In a tournament full of surprises, we might not be done yet. It stands to reason that once the favorites are eliminated, the odds of subsequent upsets increase. The lower you go in the rankings, the less difference there usually is between players–there’s a bigger gap between Azarenka and Maria Sharapova than there is between, say, Jelena Jankovic and Angelique Kerber. The smaller the gap, the more likely the upset.

While only one top-four seed remains in the men’s draw, the odds of upsets are moving in the opposite direction. While Nadal can always count on a tough fight from second-seed Novak Djokovic, he typically has little trouble with lower-ranked players. He has won his last 15 matches against the other three players left in the drawRoger Federer, Tomas Berdych, and Stanislas Wawrinka–and lost only 4 of 41 matches against the trio since 2008.

The historical precedent for this sort of semifinal draw also favors Rafa. 14 Grand Slams in the Open Era have featured a semifinal round in which the top seed is the only one remaining of the top four. The top seed has gone on to win 9 of the 14, including 8 of the last 10. The most recent final four that fit this profile was in Melbourne four years ago, when Federer swept the final two rounds without losing a set.

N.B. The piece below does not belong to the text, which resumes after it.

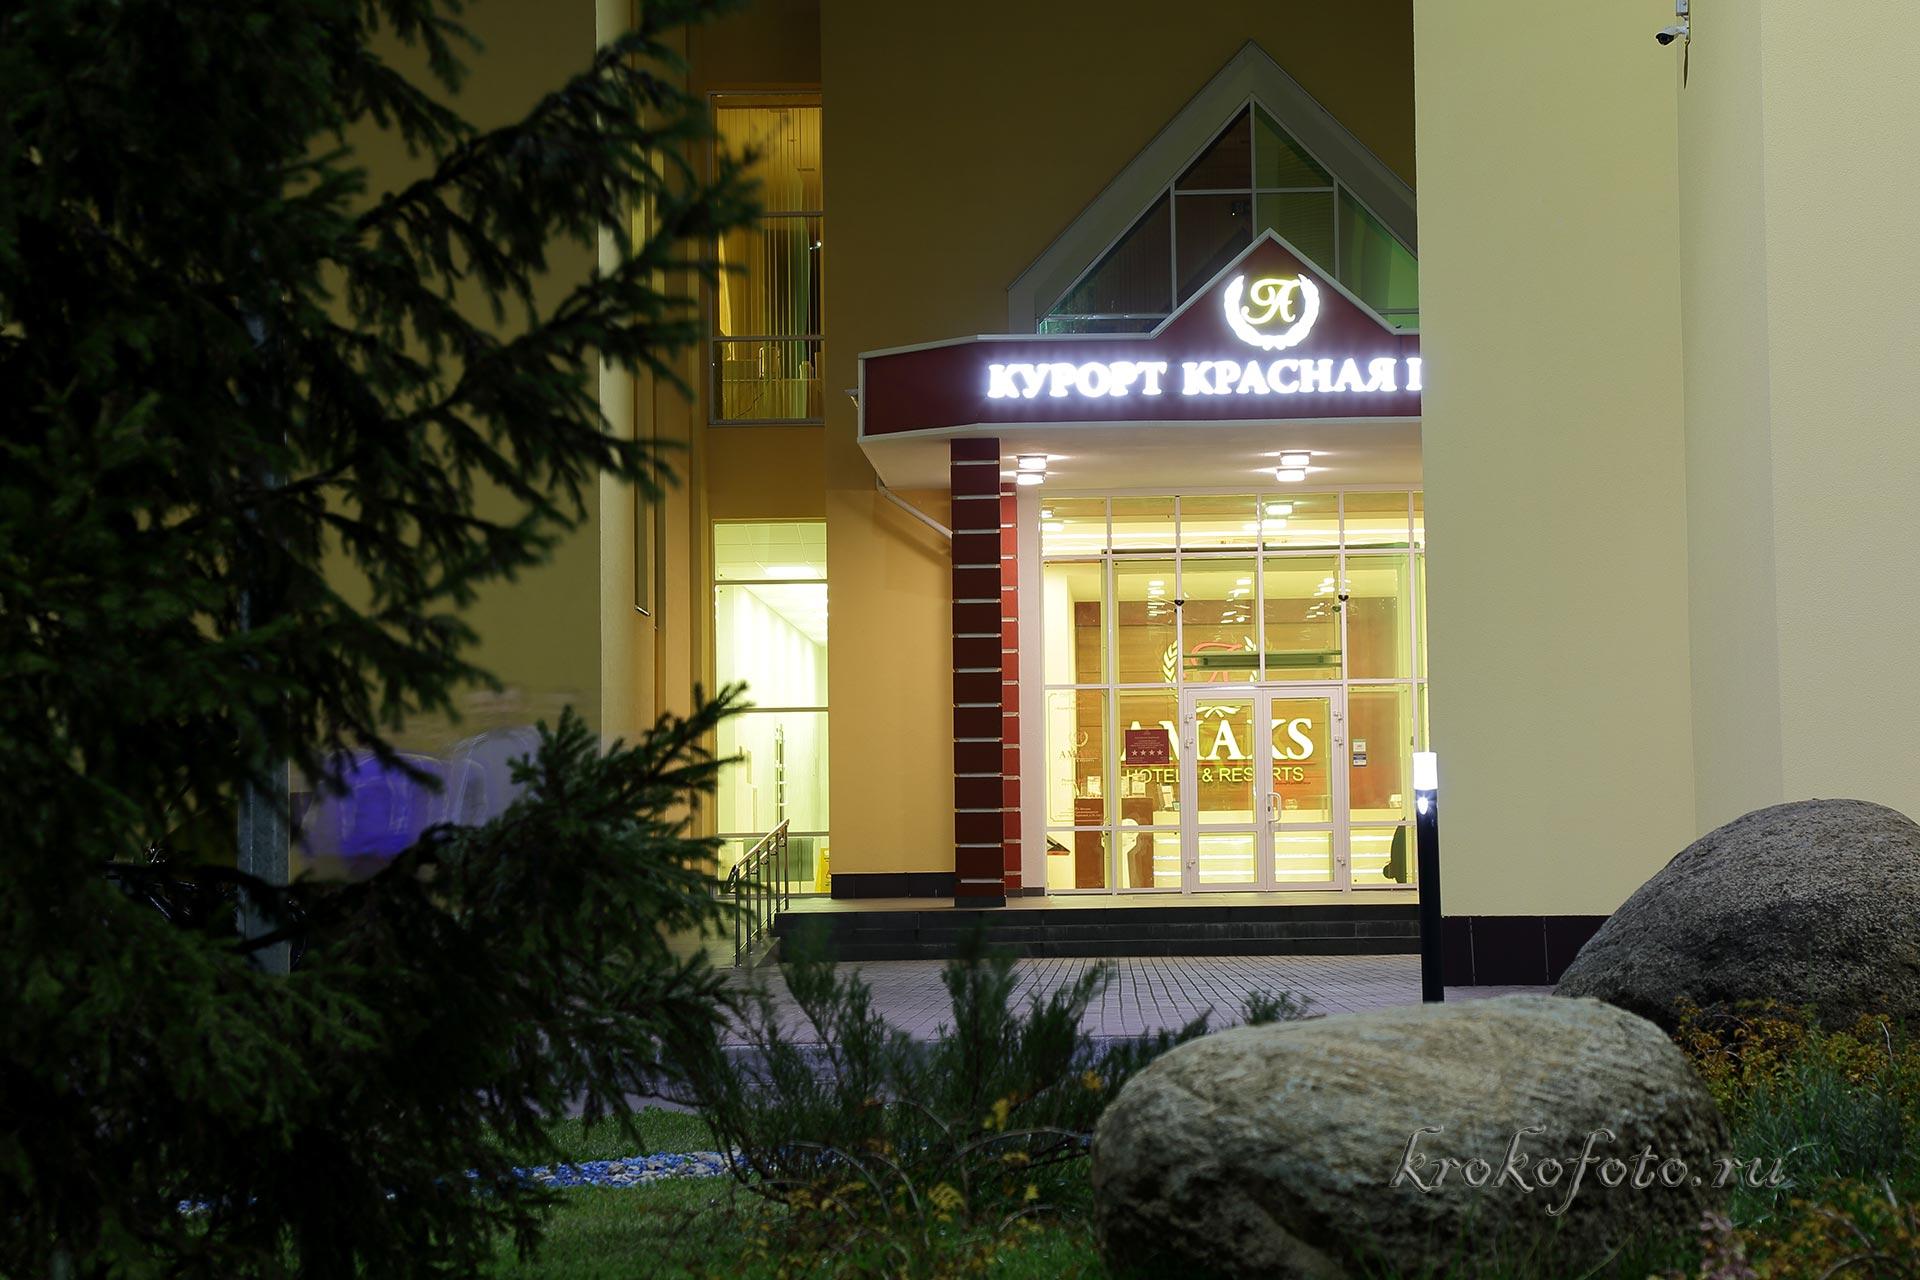 krasnaya-paxra-2
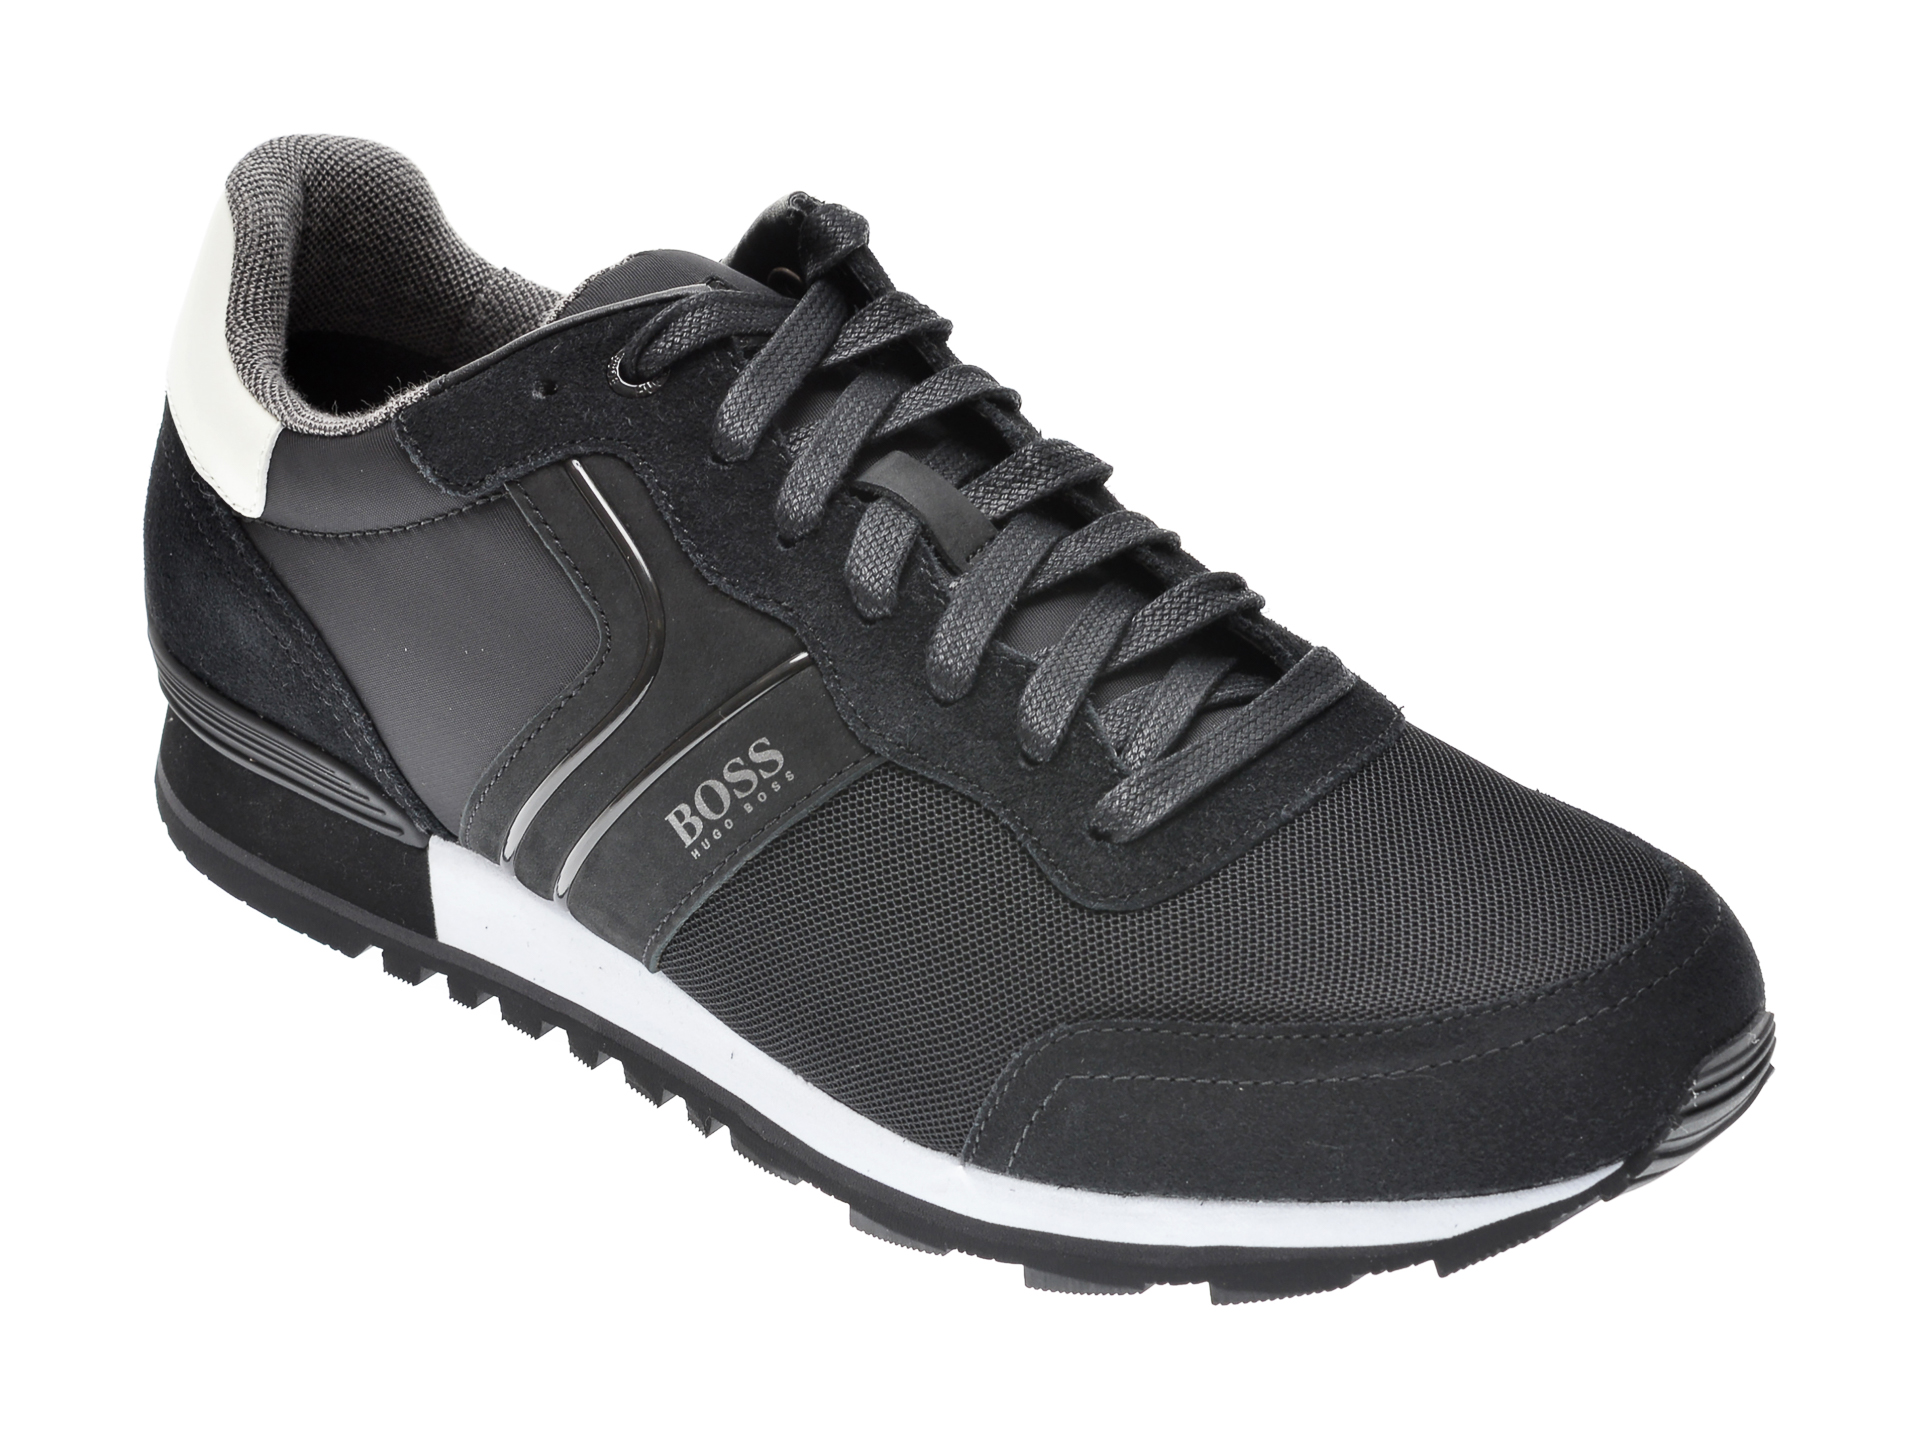 Pantofi sport HUGO BOSS negri, 3661, din material textil imagine

But even this rosy picture for Nadal offers Roger a glimmer of hope.  The last time the top seed was alone in the final four and didn’t go on to win was the 2002 US Open. Lleyton Hewitt was the #1 who failed, paving the way for a 31-year-old Pete Sampras to win one final slam before he retired.

Roger isn’t going to call it quits this week, but he’d sure like to emulate Pete’s success in seizing a wide-open Grand Slam draw.

A Quarterfinal on Federer’s Racquet

The Roger FedererAndy Murray head-to-head is a bit of a baffling one. In twenty career meetings–18 of them on hard courts–Murray has won 11, including four of the last five.

Yet for a superficially tight one-on-one record, Fed and Murray haven’t played many tight matches against each other, especially lately. When they went five sets in last year’s Australian Open semifinal, it was the first time they had gone the distance in ten matches. The outcome of a match between them is up for grabs, but whoever wins it tends to do so by a handy margin.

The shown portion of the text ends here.